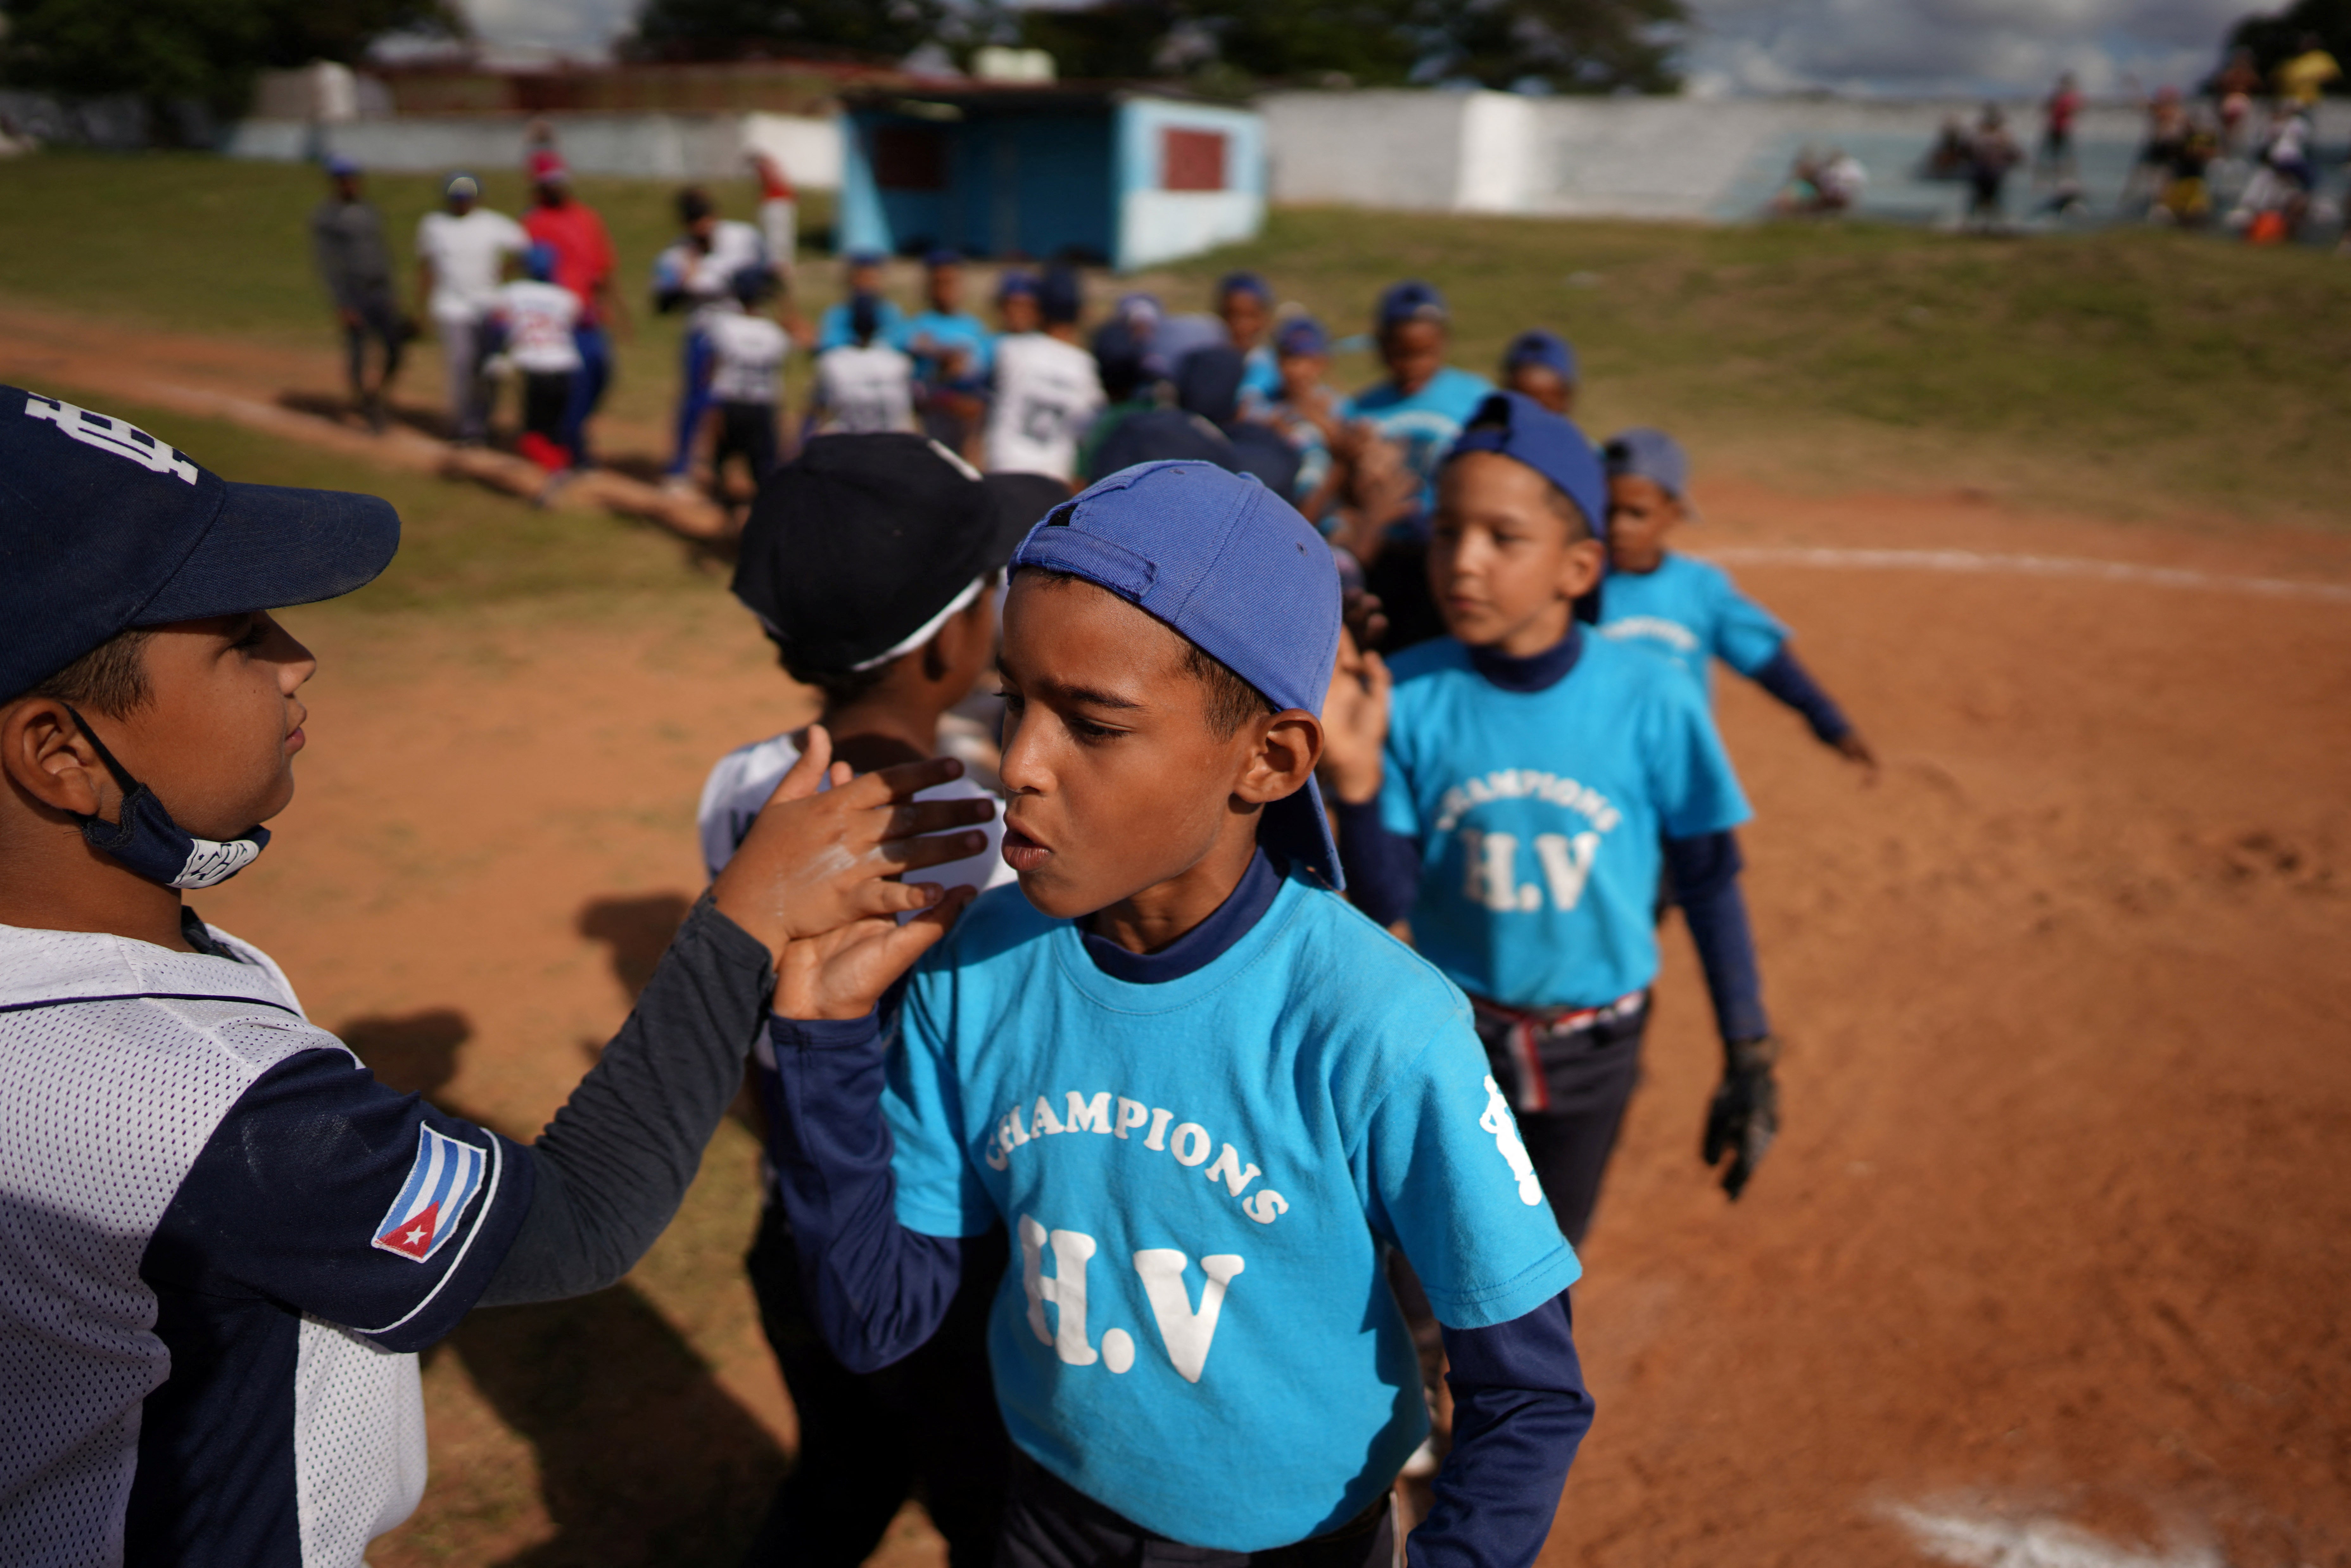 Cuba's baseball players are flocking to the US with dreams of the major  leagues
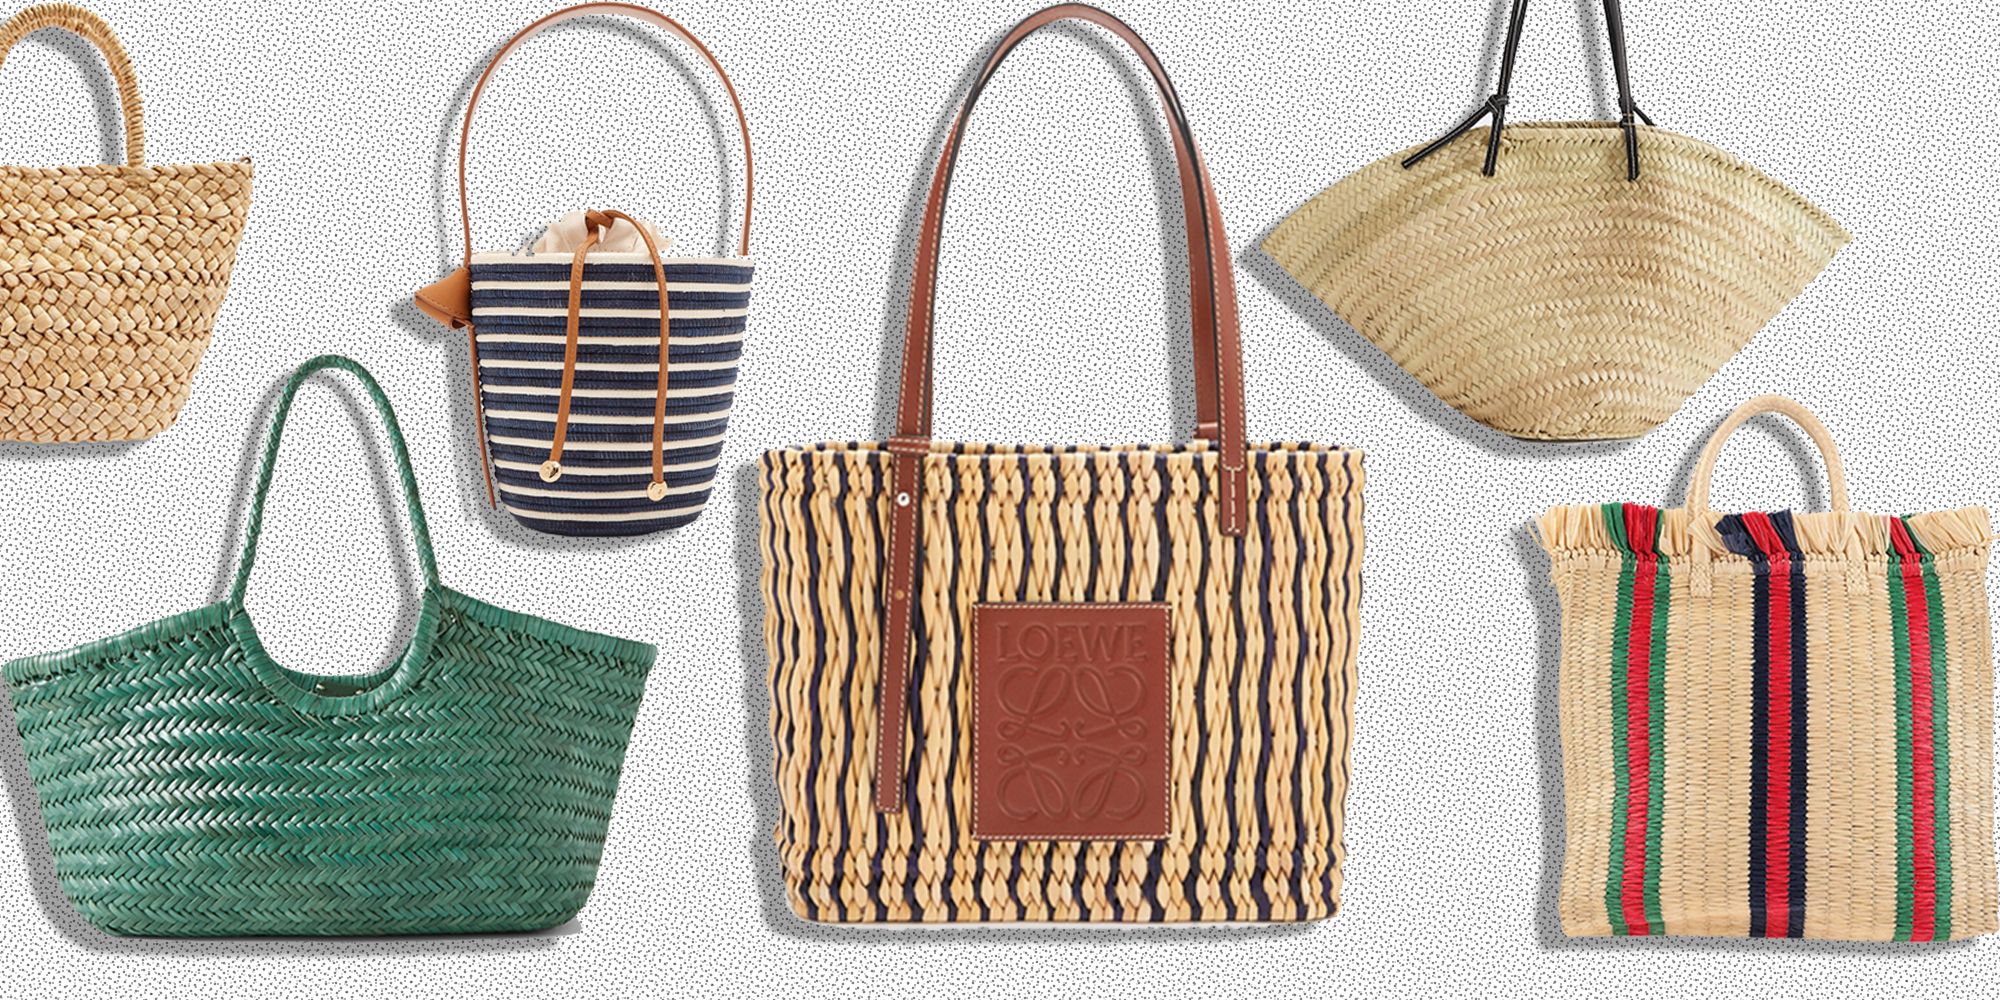 12 Of The Best Basket Bags To Buy Now
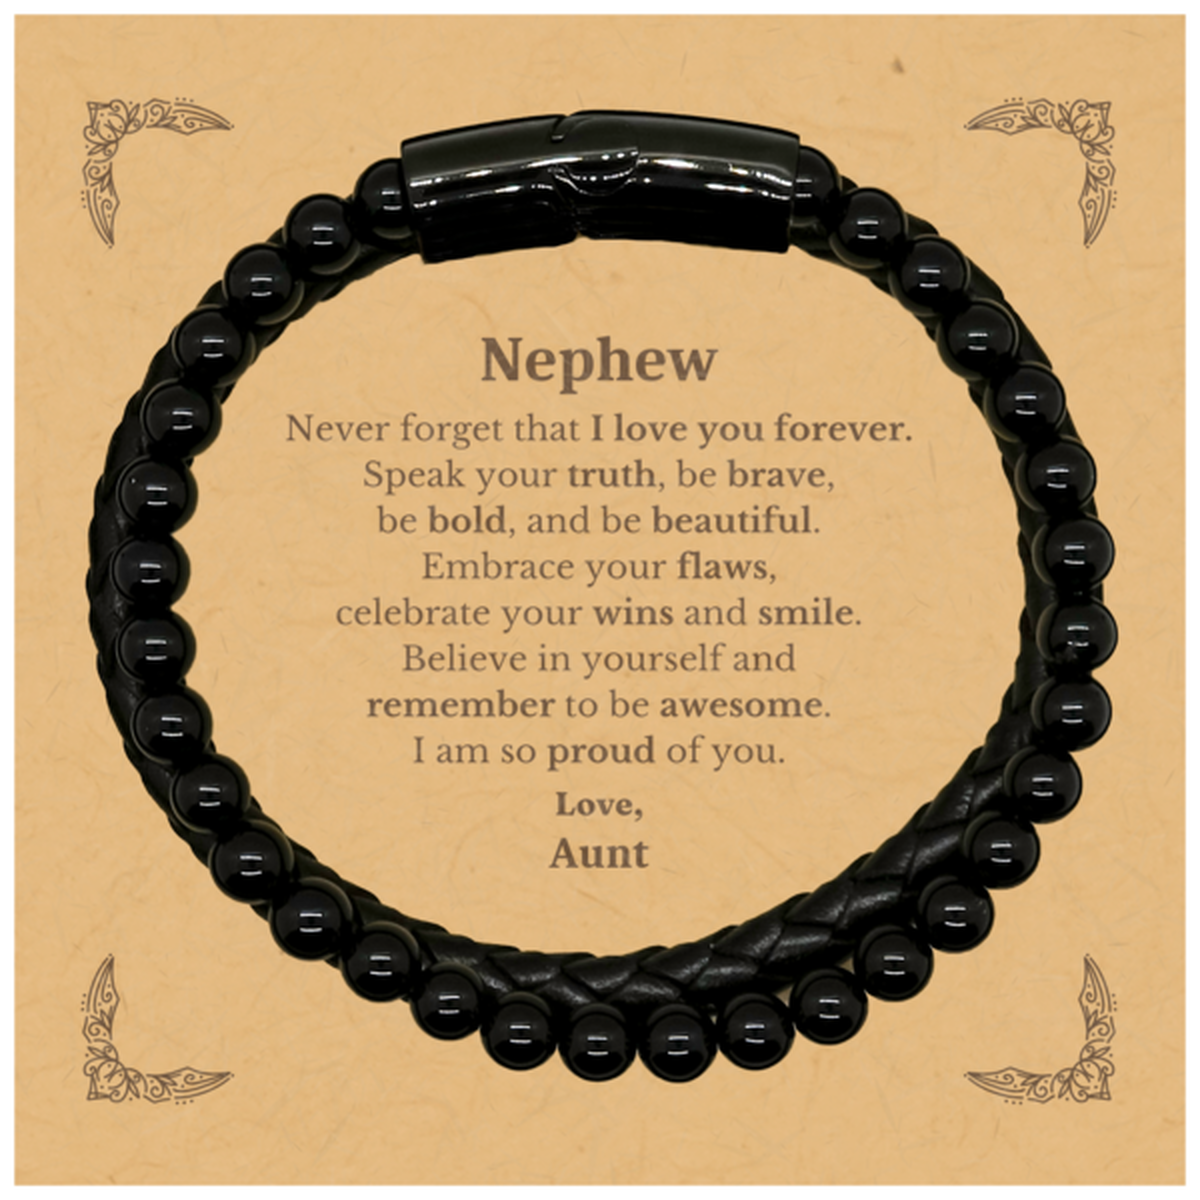 Nephew Stone Leather Bracelets, Never forget that I love you forever, Inspirational Nephew Birthday Unique Gifts From Aunt
----------------
Every line of the listing is to be repeated exactly, and the pictures are to be dropped.

 Cuba's baseball players are flocking to the US with dreams of the major  leagues
 12 Of The Best Basket Bags To Buy Now
 Nephew Stone Leather Bracelets, Never forget that I love you forever, Inspirational Nephew Birthday Unique Gifts From Aunt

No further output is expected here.